Бывало, как досыта набегаешься внизу по зале, на цыпочках прокрадешься наверх, в классную, смотришь – Карл Иваныч сидит себе один на своем кресле и с спокойно-величавым выражением читает какую-нибудь из своих любимых книг. Иногда я заставал его и в такие минуты, когда он не читал: очки спускались ниже на большом орлином носу, голубые полузакрытые глаза смотрели с каким-то особенным выражением, а губы грустно улыбались. В комнате тихо; только слышно его равномерное дыхание и бой часов с егерем.

Бывало, он меня не замечает, а я стою у двери и думаю: «Бедный, бедный старик! Нас много, мы играем, нам весело, а он – один-одинешенек, и никто-то его не приласкает. Правду он говорит, что он сирота. И история его жизни какая ужасная! Я помню, как он рассказывал ее Николаю – ужасно быть в его положении!» И так жалко станет, что, бывало, подойдешь к нему, возьмешь за руку и скажешь: «Lieber Карл Иваныч!» Он любил, когда я ему говорил так; всегда приласкает, и видно, что растроган.

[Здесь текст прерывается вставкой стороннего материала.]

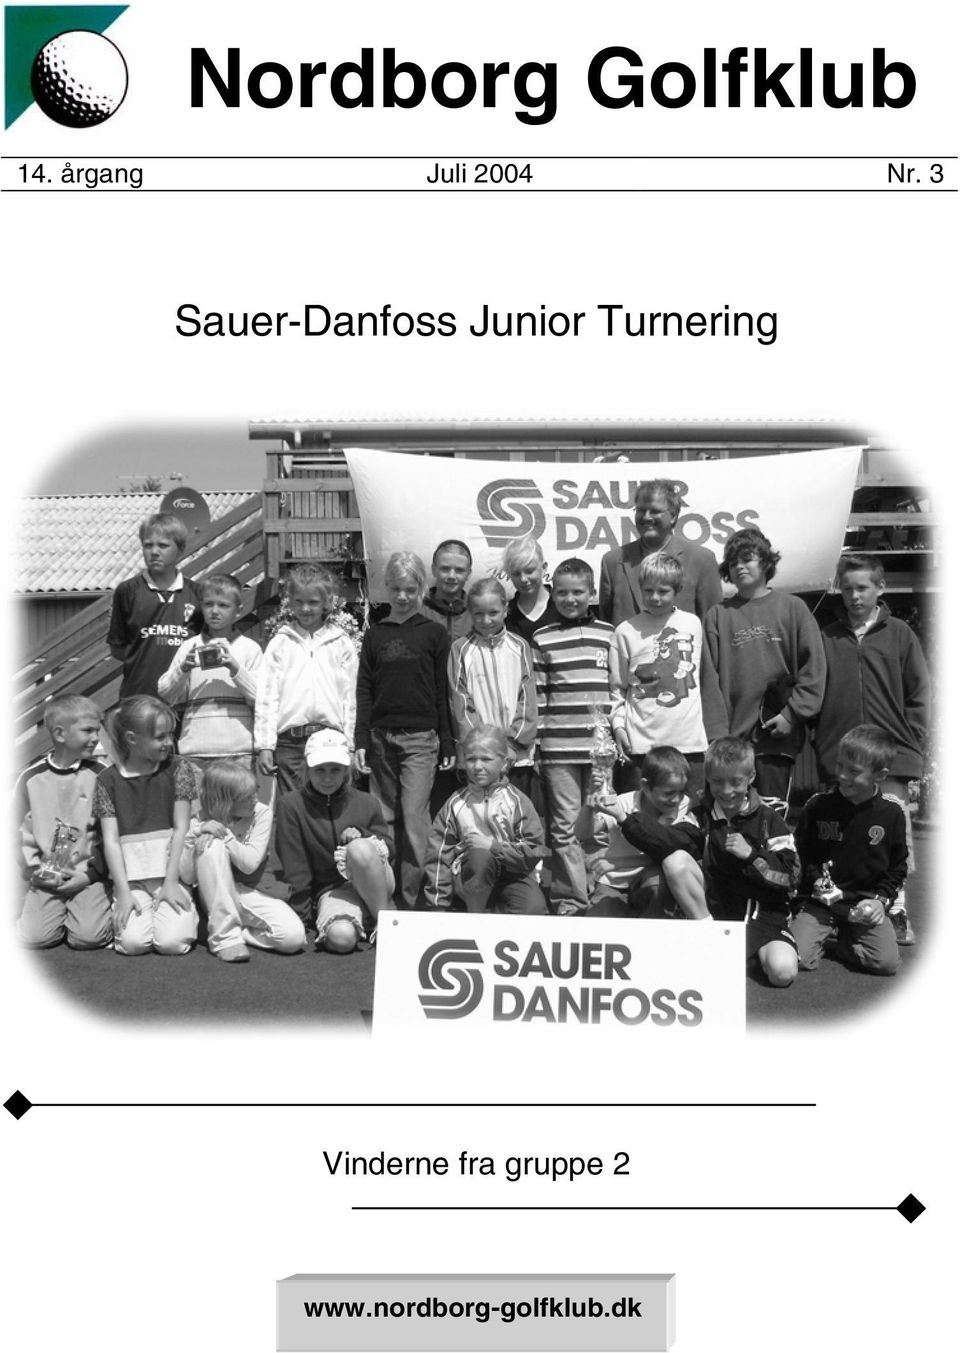 3 Sauer-Danfoss Junior

На другой стене висели ландкарты, все почти изорванные, но искусно подклеенные рукою Карла Иваныча. На третьей стене, в середине которой была дверь вниз, с одной стороны висели две линейки: одна – изрезанная, наша, другая – новенькая, собственная, употребляемая им более для поощрения, чем для линевания; с другой – черная доска, на которой кружками отмечались наши большие проступки и крестиками – маленькие. Налево от доски был угол, в который нас ставили на колени.

Как мне памятен этот угол! Помню заслонку в печи, отдушник в этой заслонке и шум, который он производил, когда его поворачивали. Бывало, стоишь, стоишь в углу, так что колени и спина заболят, и думаешь: «Забыл про меня Карл Иваныч: ему, должно быть, покойно сидеть на мягком кресле и читать свою гидростатику, – а каково мне?» – и начнешь, чтобы напомнить о себе, потихоньку отворять и затворять заслонку или ковырять штукатурку со стены; но если вдруг упадет с шумом слишком большой кусок на землю – право, один страх хуже всякого наказания. Оглянешься на Карла Иваныча, – а он сидит себе с книгой в руке и как будто ничего не замечает.

В середине комнаты стоял стол, покрытый оборванной черной клеенкой, из-под которой во многих местах виднелись края, изрезанные перочинными ножами. Кругом стола было несколько некрашеных, но от долгого употребления залакированных табуретов. Последняя стена была занята тремя окошками. Вот какой был вид из них: прямо под окнами дорога, на которой каждая выбоина, каждый камешек, каждая колея давно знакомы и милы мне; за дорогой – стриженая липовая аллея, из-за которой кое-где виднеется плетеный частокол; через аллею виден луг, с одной стороны которого гумно, а напротив лес; далеко в лесу видна избушка сторожа. Из окна направо видна часть террасы, на которой сиживали обыкновенно большие до обеда. Бывало, покуда поправляет Карл Иваныч лист с диктовкой, выглянешь в ту сторону, видишь черную головку матушки, чью-нибудь спину и смутно слышишь оттуда говор и смех; так сделается досадно, что нельзя там быть, и думаешь: «Когда же я буду большой, перестану учиться и всегда буду сидеть не за диалогами, а с теми, кого я люблю?» Досада перейдет в грусть, и, бог знает отчего и о чем, так задумаешься, что и не слышишь, как Карл Иваныч сердится за ошибки.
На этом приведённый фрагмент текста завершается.